Information supplied section start
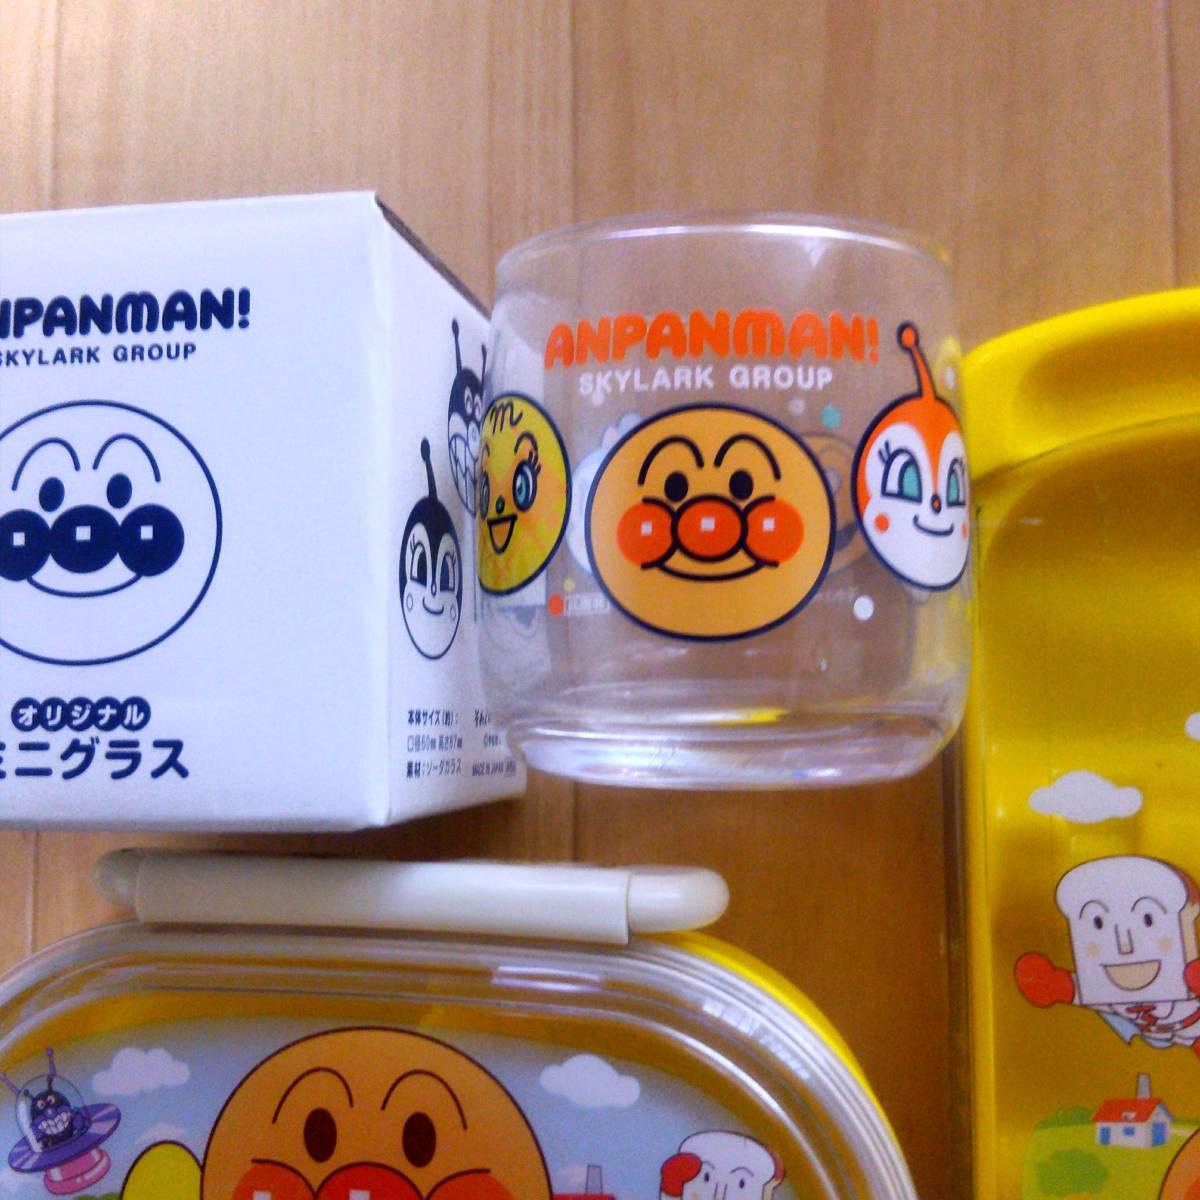 アンパンマン お弁当箱 フォーク スプーン ケース ※ミニグラスのみ新品_画像3
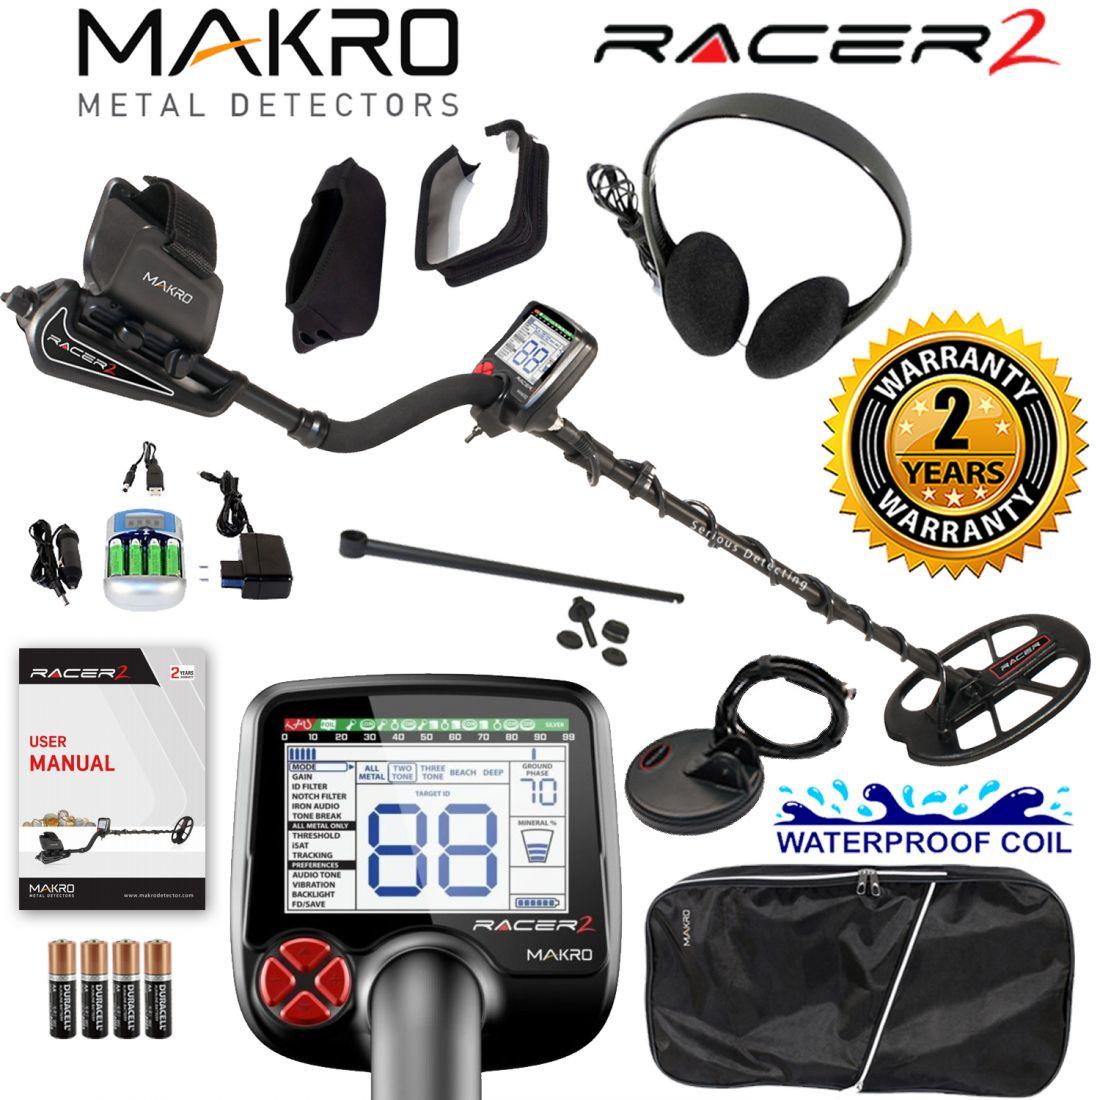 Металлоискатель Makro Racer 2 PRO
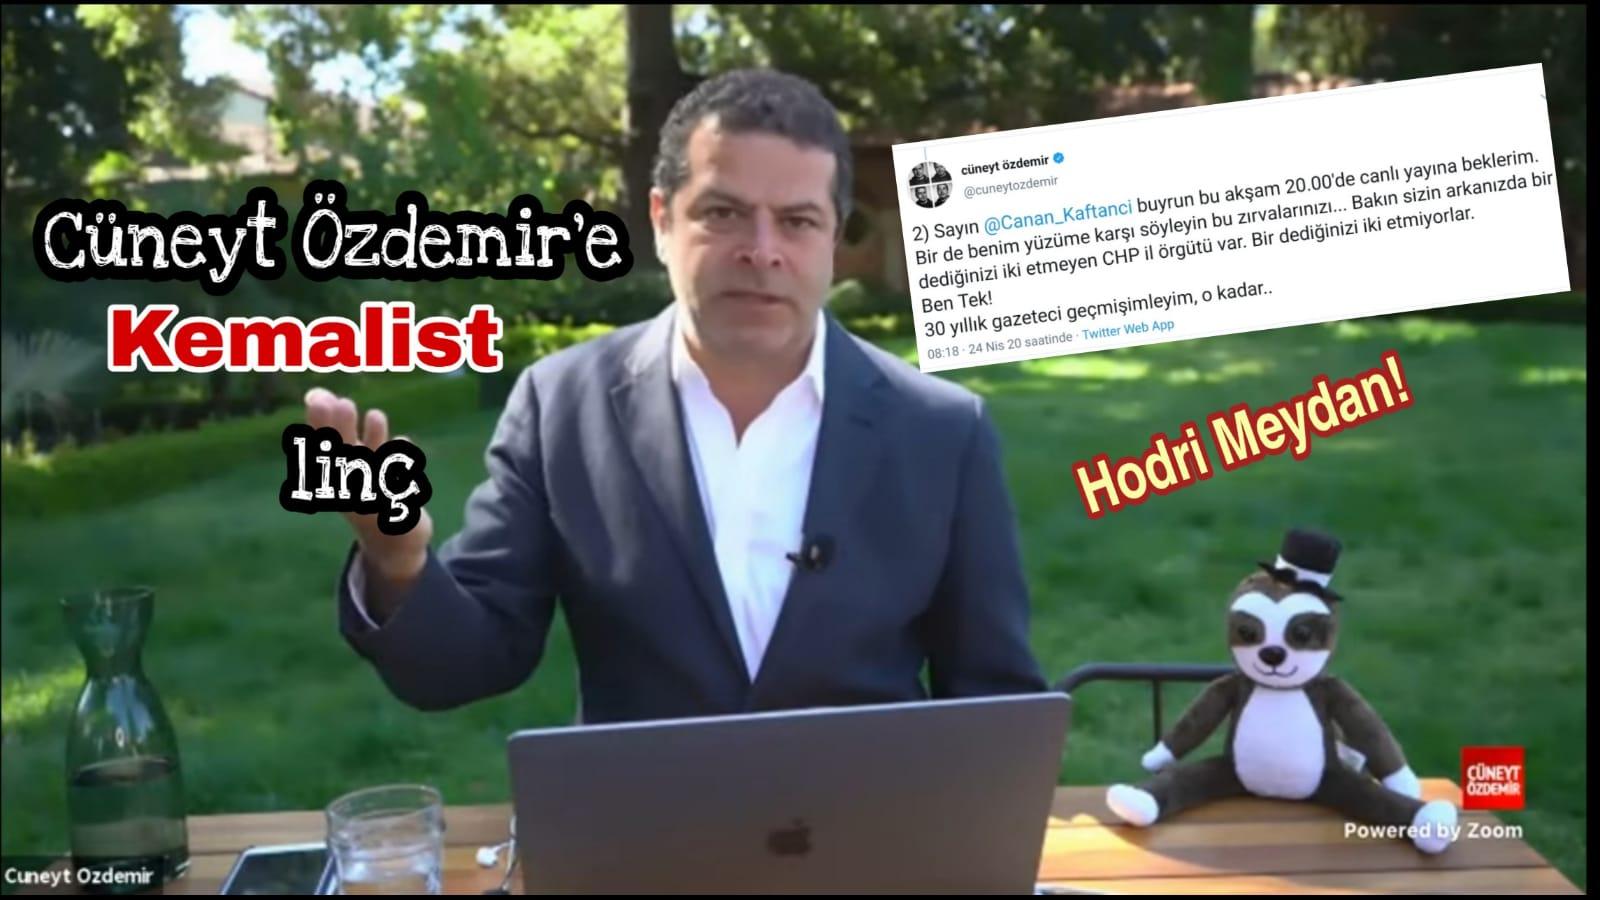 Cüneyt Özdemir'e linç kampanyası
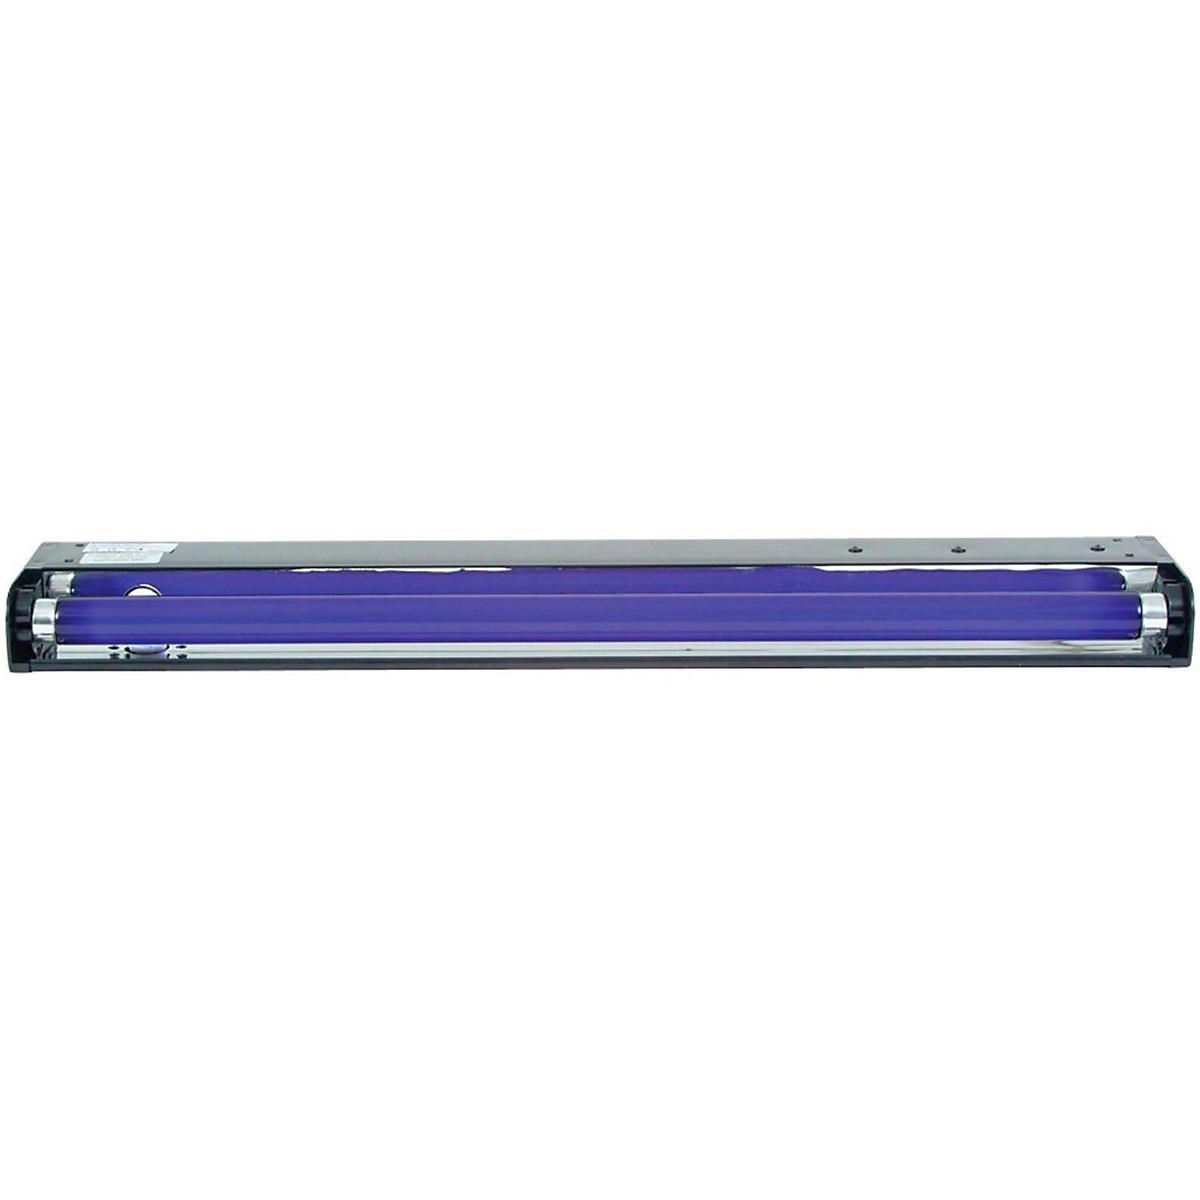 Eliminator Lighting Black-24 (E-123) Blacklight
Information supplied section end
Task requirements – The listing must be repeated word for word, and none of its pictures may appear in the copy.

Task output –
 アンパンマン お弁当箱 フォーク スプーン ケース ※ミニグラスのみ新品_画像3
 Металлоискатель Makro Racer 2 PRO
 Cüneyt Özdemir'e linç kampanyası
 Eliminator Lighting Black-24 (E-123) Blacklight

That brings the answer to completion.